Disclosure of Invention
The invention aims to provide a gas heat pump and electric multi-connected unit combined system and a control method thereof aiming at the defects of the prior art.
The technical scheme of the invention is as follows:
a gas heat pump and electric multi-connected unit combined system, the outdoor unit of the system includes a gas multi-connected unit and an electric multi-connected unit, and is controlled by the controller of the system; the gas multi-split air conditioner and the electric multi-split air conditioner are communicated through a line; the indoor unit of the system comprises a plurality of indoor unit modules, and is communicated with any outdoor unit through a circuit; a clock is arranged on a main control substrate in the controller; the gas multi-split air conditioner drives a compressor to operate by adopting a gas engine to perform refrigeration and heating circulation; the electric multi-split air conditioner drives the compressor to operate through electric power to perform refrigeration and heating circulation.
Furthermore, the main control substrate can record electricity price and gas price parameters and can automatically calculate the cost.
A control method of a gas heat pump and electric multi-connected unit combined system comprises the following steps:
1) refrigerating operation;
1.1) acquiring the current real-time T;
1.2) if T e T1, go to step 1.3); if T e T2, go to step 1.6); if T e T3, go to step 1.5); wherein t1 is the usual time period; t2 is the electricity price valley period; t3 is the peak period of electricity rate;
1.3) calculating Cec = a × Wec, and Cgc = a × Wgc + B1 × Mgc; wherein: cec is the refrigeration running cost of the electric multi-connected machine; a is the electricity price in the ordinary time period; wec is the rated power consumption of the refrigeration of the electric multi-connected machine; cgc is the refrigeration running cost of the gas heat pump; wgc is the refrigeration rated power consumption of the gas heat pump; b1 is the summer gas price; mgc is the gas consumption of the gas heat pump;
1.4) if Cec > Cgc, go to step 1.5); otherwise, turning to step 1.6);
1.5) operating by taking a gas heat pump as a main machine;
1.6) operating by taking an electric multi-connected air conditioner as a host;
2) heating operation;
2.1) acquiring the current real-time T;
2.2) if T e T1, go to step 1.3); if T ∈ T2, go to step 2.6); if T e T3, go to step 2.5); wherein t1 is the usual time period; t2 is the electricity price valley period; t3 is the peak period of electricity rate;
2.3) calculating Ceh = a × Weh, and Cgh = a × Wgh + B2 × Mgh; wherein: ceh is the heat running cost of the electric multi-connected machine; a is the electricity price in the ordinary time period; weh is the heat rated power consumption of the electric multi-split system; cgh is the heating running cost of the gas heat pump; wgh is the heating rated power consumption of the gas heat pump; b2 is the gas price in winter; mgh is the gas consumption of gas heat pump;
2.4) if Ceh > Cgh, go to step 2.5); otherwise, turning to step 2.6);
2.5) operating by taking the gas heat pump as a main machine;
2.6) operating by taking the electric multi-connection machine as a main machine.

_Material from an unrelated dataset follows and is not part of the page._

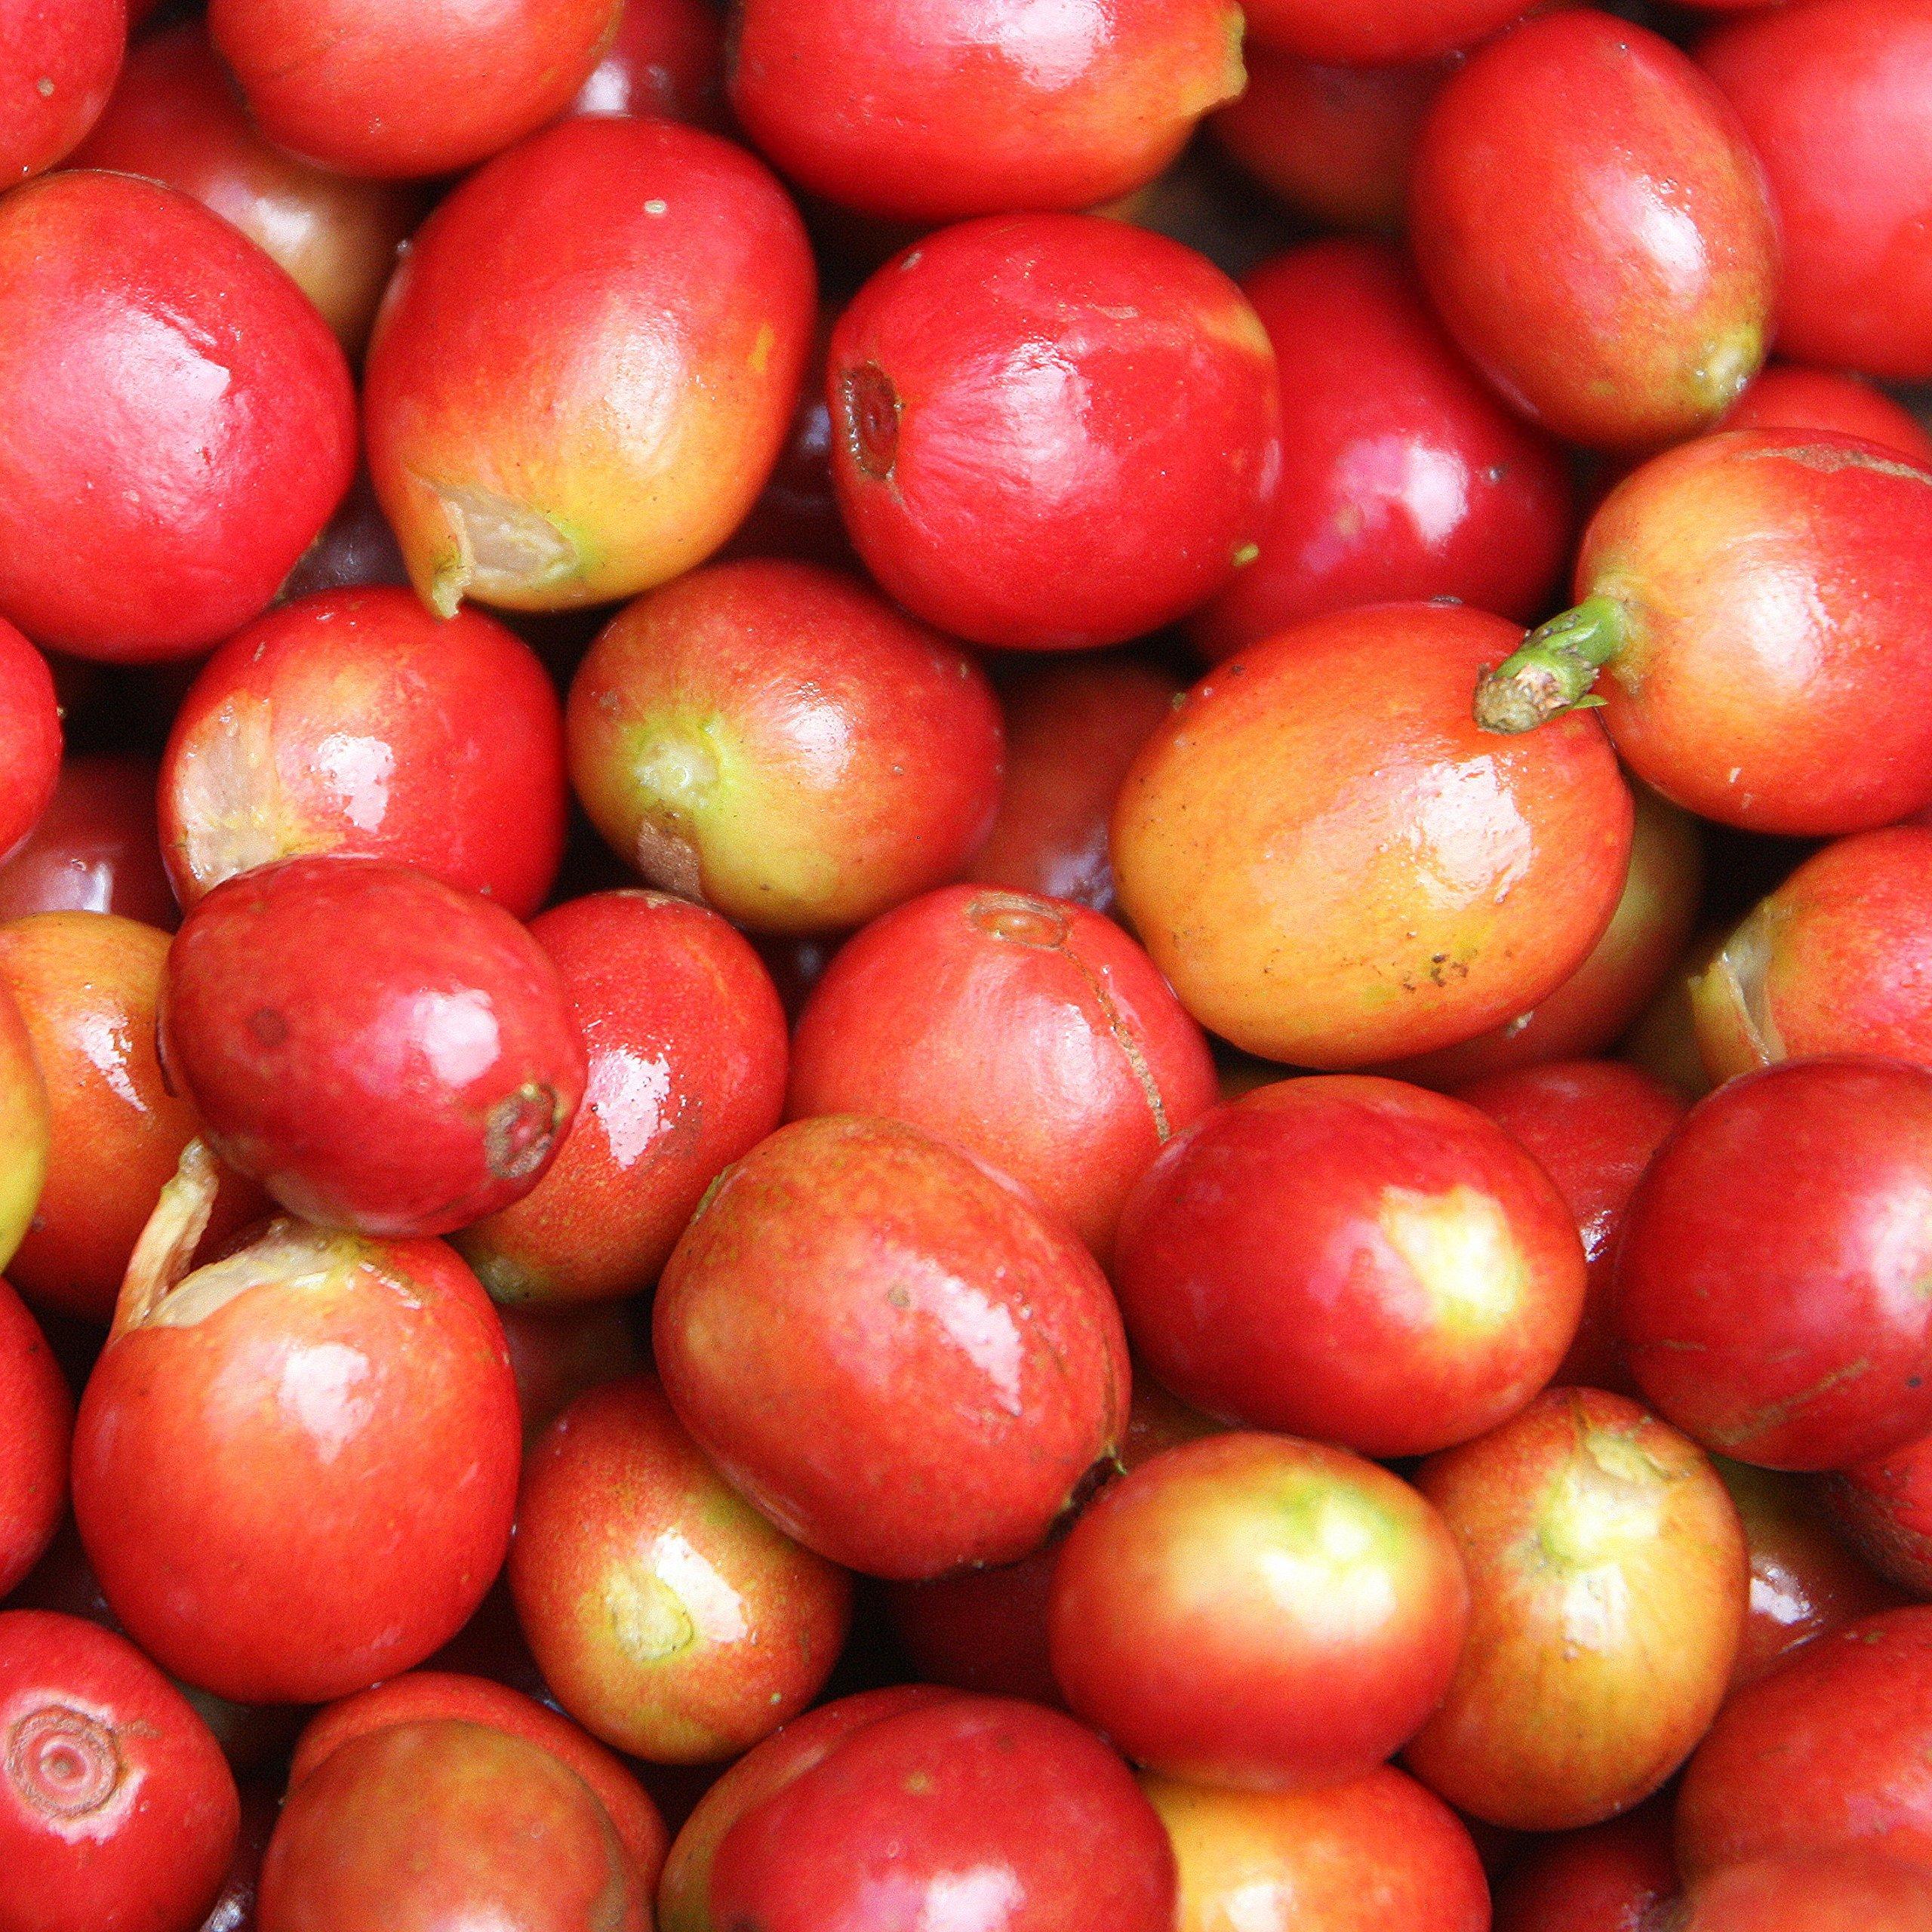 Brazil Decaf (5 LB) Unroasted Green Coffee - Specialty Grade - 100% Arabica Raw Decaffeinated Beans - Bulk Bag Size by Bodhi Leaf Trading Company

Further, in the step 1.2) or 2.2), t1, t2 and t3 are manually input.
The invention has the beneficial effects that:
the invention has reasonable design, clear logic and simple structure, fully utilizes the price difference of different energy sources by simultaneously using the gas multi-split air conditioner and the electric multi-split air conditioner as outdoor units and independently controlling, adopts different energy sources to drive the system to work in different time periods, and creates favorable conditions for improving economic benefits.
Drawings
Fig. 1 is a control flow diagram of the cooling mode of the present invention.
Fig. 2 is a schematic control flow diagram of the heating mode according to the present invention.
Wherein: the EHP is an electric multi-connected unit; GHP is the gas multi-connected machine.
Detailed Description
The invention is further described below with reference to the figures and examples.
An outdoor unit of the system comprises a gas multi-connected unit and an electric multi-connected unit, and is uniformly controlled by a controller of the system. Meanwhile, the gas multi-split air conditioner and the electric multi-split air conditioner are communicated through a circuit, so that the controllers can obtain respective operation parameters and control the respective independent operation of the controllers. The indoor unit of the system comprises a plurality of indoor unit modules, and the indoor units are respectively communicated with any outdoor unit through lines, so that the outdoor unit and the indoor units can be matched in time. The main control substrate in the controller is provided with a clock, and electricity price and gas price parameters can be manually input, so that the cost can be automatically calculated, and the use of the outdoor unit can be regulated and controlled according to the operation time period of the system. The gas multi-split air conditioner drives a compressor to operate by adopting a gas engine to perform refrigeration and heating circulation; the electric multi-split air conditioner drives the compressor to operate through electric power to perform refrigeration and heating circulation.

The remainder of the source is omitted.